SPACE WIRE
Iraq war tests White House's press strategy
WASHINGTON (AFP) Apr 01, 2003
War in Iraq has proved a tough challenge for the White House's usually tightly scripted press operation, which is struggling to maintain its much-vaunted image of a president above the daily fray.

The latest misstep was over presidential TV-viewing habits, which it turns out are not exactly what spokesman Ari Fleischer made them out to be.

The White House communications team had carefully cultivated a profile of President George W. Bush as an executive who leaves the daily war planning to his generals, while avoiding the saturation television coverage of the war.

But friends say Bush is glued to his television, discussing breaking developments with his aides.

Roland Betts, a New York real estate developer and long-time Bush friend, told The New York Times how the president spent the first weekend of the war in front of the television at his Camp David retreat.

During the first major bombings of Baghdad, Fleischer had depicted a president with little interests in the TV coverage.

"I don't think he needs to watch TV to know what was about to unfold," Fleischer said.

Betts had a different take.

"He is just totally immersed," Betts said of the president, adding that Bush immediately discussed each new development with national security adviser Condoleezza Rice.

Bush started laughing when a television correspondent accurately reported the White House's official message, that president was not watching TV while at Camp David.

That story forced Fleischer into a convoluted attempt at explaining away the discrepancy on Monday morning, when the spokesman said he called Betts "because I wanted to know if everything that he said was quoted accurately. He said it was."

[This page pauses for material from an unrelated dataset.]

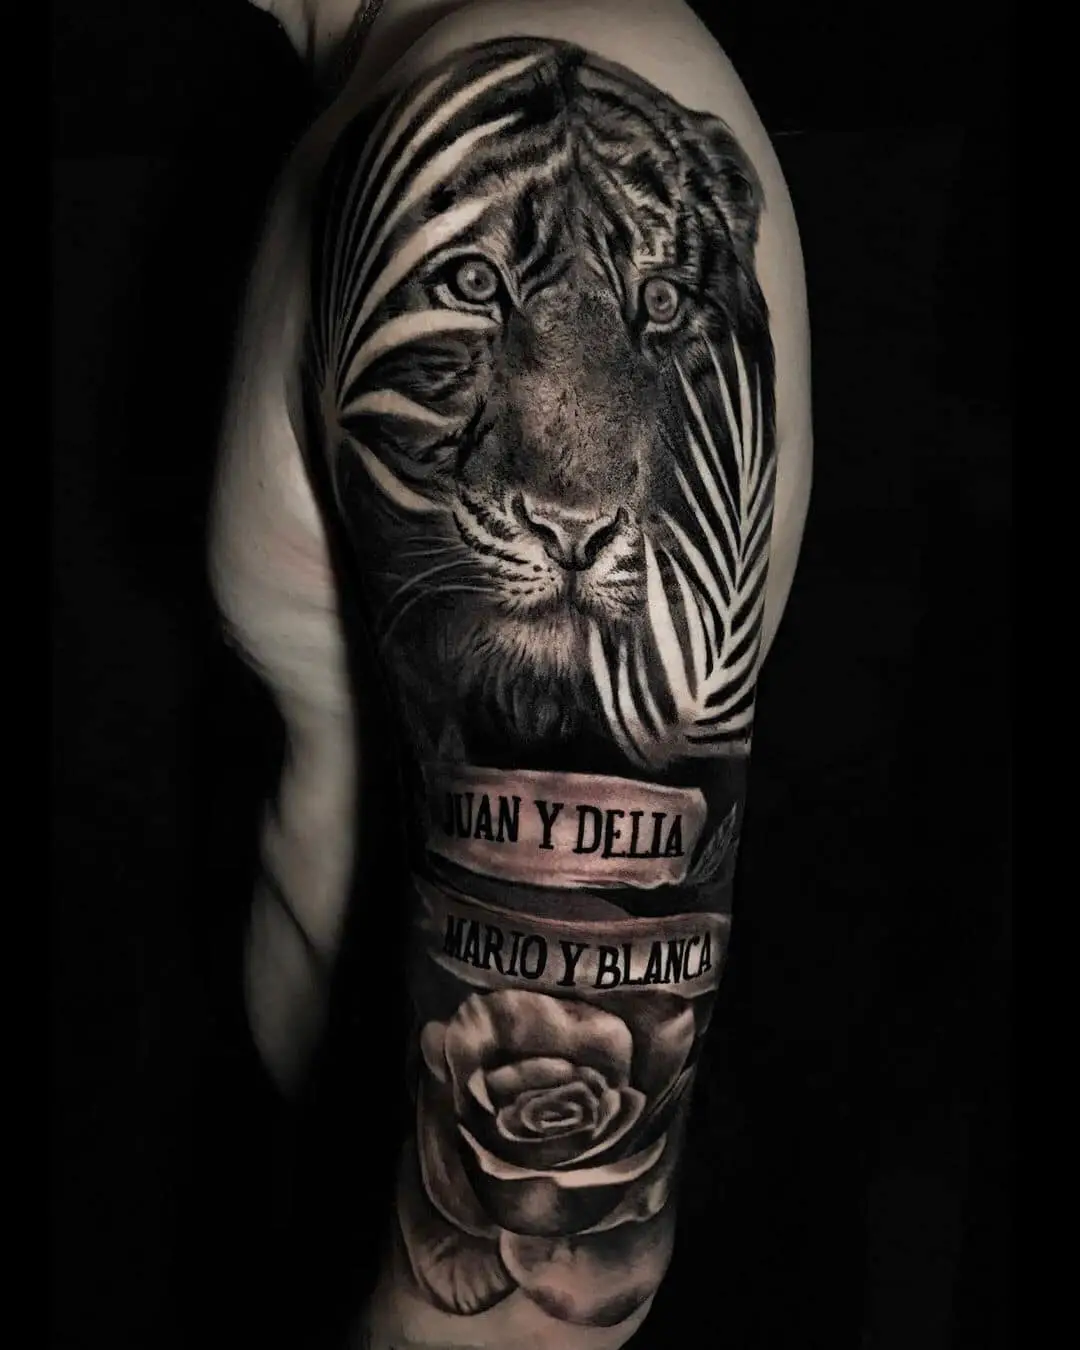 Forearm Tiger tattoo women at theYou.com

The White House has refused to comment on military operations, referring all questions to the Defense Department and to military spokesmen in the Gulf.

But president regularly emerges to denounce the litany of atrocities committed against the Iraqi people by members of Iraq's ruling party or by Saddam Hussein's secret police.

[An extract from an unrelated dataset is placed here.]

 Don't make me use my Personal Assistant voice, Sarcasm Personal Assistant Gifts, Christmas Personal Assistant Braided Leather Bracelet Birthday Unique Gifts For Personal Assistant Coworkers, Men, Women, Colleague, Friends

During these statements, Bush always tosses out some fresh detail on the torture inflicted on those who want to help the US-British troops.

The aim is to convince the US public that their troops are fighting a war of liberation, despite the daily pictures of bombings and graphic stories of the horrors of combat.

The White House message has had trouble being heard above stories in the general press questioning the war plan, given tough Iraqi resistance and the population's subdued welcome to the troops.

The White House also must overcome the expectation, fostered by its own top officials before the war, that the conflict would be short.

Sources close to the president spoke of his "frustration" at critical news stories, and his spokesman insisted that Bush was always prepared for a difficult war.

Nonetheless, Bush had to make a last-minute deletion in one of his statements, which said military operations were running ahead of the expected schedule.

But he didn't tell his spokesman of the deletion soon enough. The statement had already been given to the press corps, with the deleted line still intact, before he could take it back.